The metrics loaded from the Metrics Store into LiveView are controlled by a white-list file containing regular expressions; one per line in the file. All metric names matching the white-list regular expressions are loaded. The white-list file is shipped in the LiveView application archive.

The metrics data is stored in these LiveView tables:

Metrics - stores metric values
MetricsMetadata - stores metric meta-data

The Metrics table has these fields:

Field	Type	Description
EventTime	timestamp	Timestamp of value
Name	string	Metric name (see Data Model)
container	string	scoring pipeline name label
instance	string	scoring pipeline instance label
namespace	string	scoring pipeline namespace label
pod	string	scoring flow pod name label
endpoint	string	IP addresses of the pod
OtherLabels	string	A JSON string that contains Metric labels that do not match a column. (see Data Model)
Value	double	Metric value

The MetricsMetadata table has these fields:

Field	Type	Description
Name	string	Metric name
Type	string	Metric type, one of counter, gauge, histogram, or summary (see Metric Types)
Description	string	Metric description
Units	string	Metric unit (see Base Units)

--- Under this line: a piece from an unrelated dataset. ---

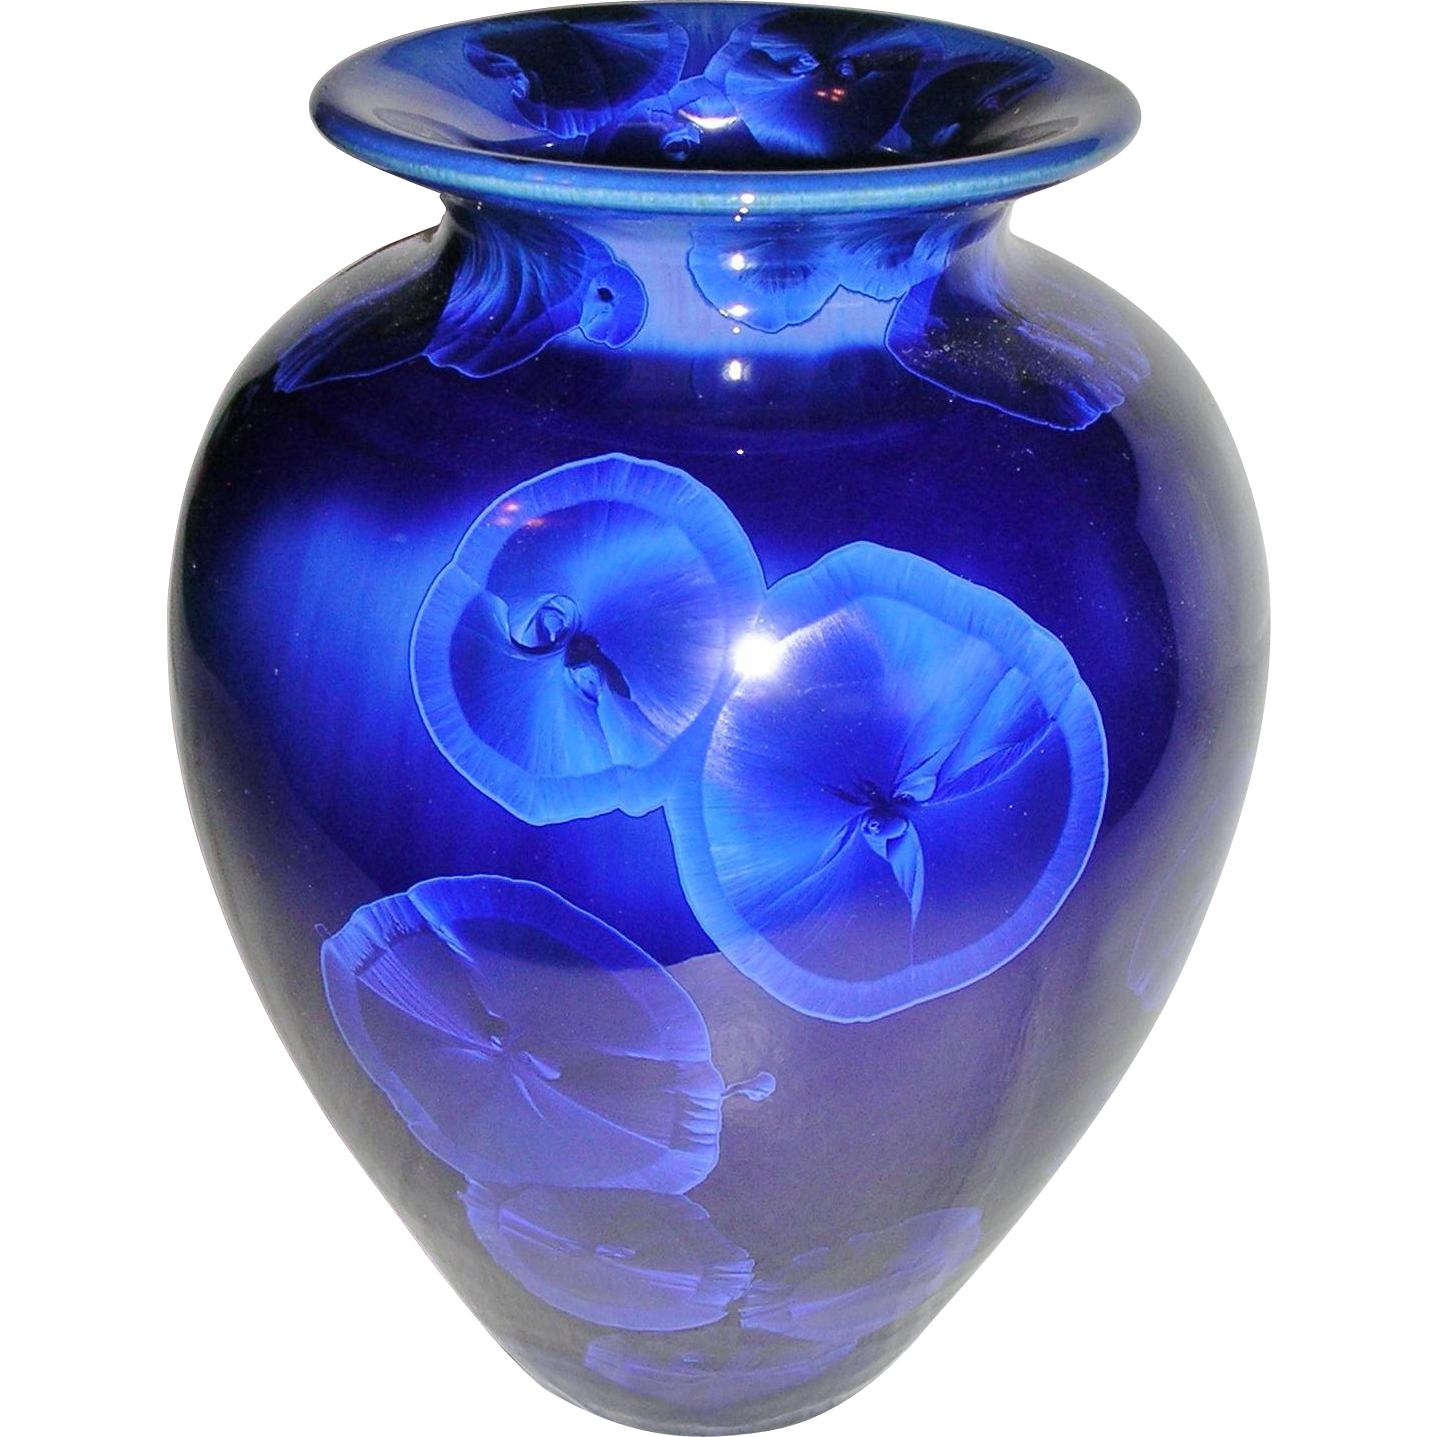 Exquisite john mankameyer manka studio crystalline glaze art vase exquisite john mankameyer manka studio crystalline glaze art vase hidden in the hills ruby lane reviewsmspy

A size limit for the Metrics table is automatically maintained using these LiveView alerts:

Time window metrics trimming - removes all metrics older than a configurable time (defaults to 5 minutes).
Memory limit metrics trimming - fail safe to ensure that metric table does not exceed a configurable maximum size even with time window trimming (defaults to 50 megabytes).

The is no size limit enforced on the MetricsMetadata table.

Technical

The technical metrics captured by the components in the ModelOps environment are summarized below. These technical metrics are used to support elastic scaling of ModelOps components as required using the standard Kubernetes Horizontal Pod Autoscaler (HPA).

General

Every running container has these metrics captured:

Container Advisor - resource usage and performance characteristics.
Kubernetes System Components - Kubernetes internals.
Node Exporter - hardware and operating system.
Kube DNS - DNS response times.
Kube States - Kubernetes object states.

Scoring Flows

Containers running scoring flows capture these additional metrics:

Metric Name	Metric Type	Description
`builtin_cpu_idle_utilization_percentage`	HISTOGRAM	Percent idle CPU utilization for machine hosting node
`builtin_cpu_system_utilization_percentage`	HISTOGRAM	Percent system CPU utilization for machine hosting node
`builtin_cpu_user_utilization_percentage`	HISTOGRAM	Percent user CPU utilization for machine hosting node
`builtin_engine_`<engine-name>`_heap_memory_utilization_bytes`	HISTOGRAM	Heap memory used (bytes) for engine <engine-name>
`builtin_engine_`<engine-name>`_heap_memory_utilization_percentage`	HISTOGRAM	Percent heap memory used for engine <engine-name>
`builtin_engine_`<engine-name>`_queue_`<queue-name>`_depth_second`	METER	Queue <queue-name> depth per second for engine <engine-name>
`builtin_engine_`<engine-name>`_tuples_rate`	METER	Scoring pipeline request rate for engine <engine-name>
`builtin_node_shared_memory_kilobytes`	HISTOGRAM	Shared memory used (kilobytes) for node
`builtin_node_shared_memory_percentage`	HISTOGRAM	Percent shared memory used for node
`builtin_node_transactions_deadlocks_rate`	METER	Transaction deadlock rate for node
`builtin_node_transactions_latency_average_microseconds`	METER	Average transaction latency (microseconds) for node
`builtin_node_transactions_total_rate`	METER	Transaction rate for node

Model Quality

Scoring flows may optionally publish calculated metrics to support monitoring of model quality. The metrics are calculated by comparing observed, or expected, values with predicted, or calculated, values. These are defined as:

Observed Values - previously recorded desired values. Observed values are contained in the input request, along with the data to score.
Predicted Values - values produced by scoring given input data with a model. Predicted values are contained in the response from a scoring server after scoring.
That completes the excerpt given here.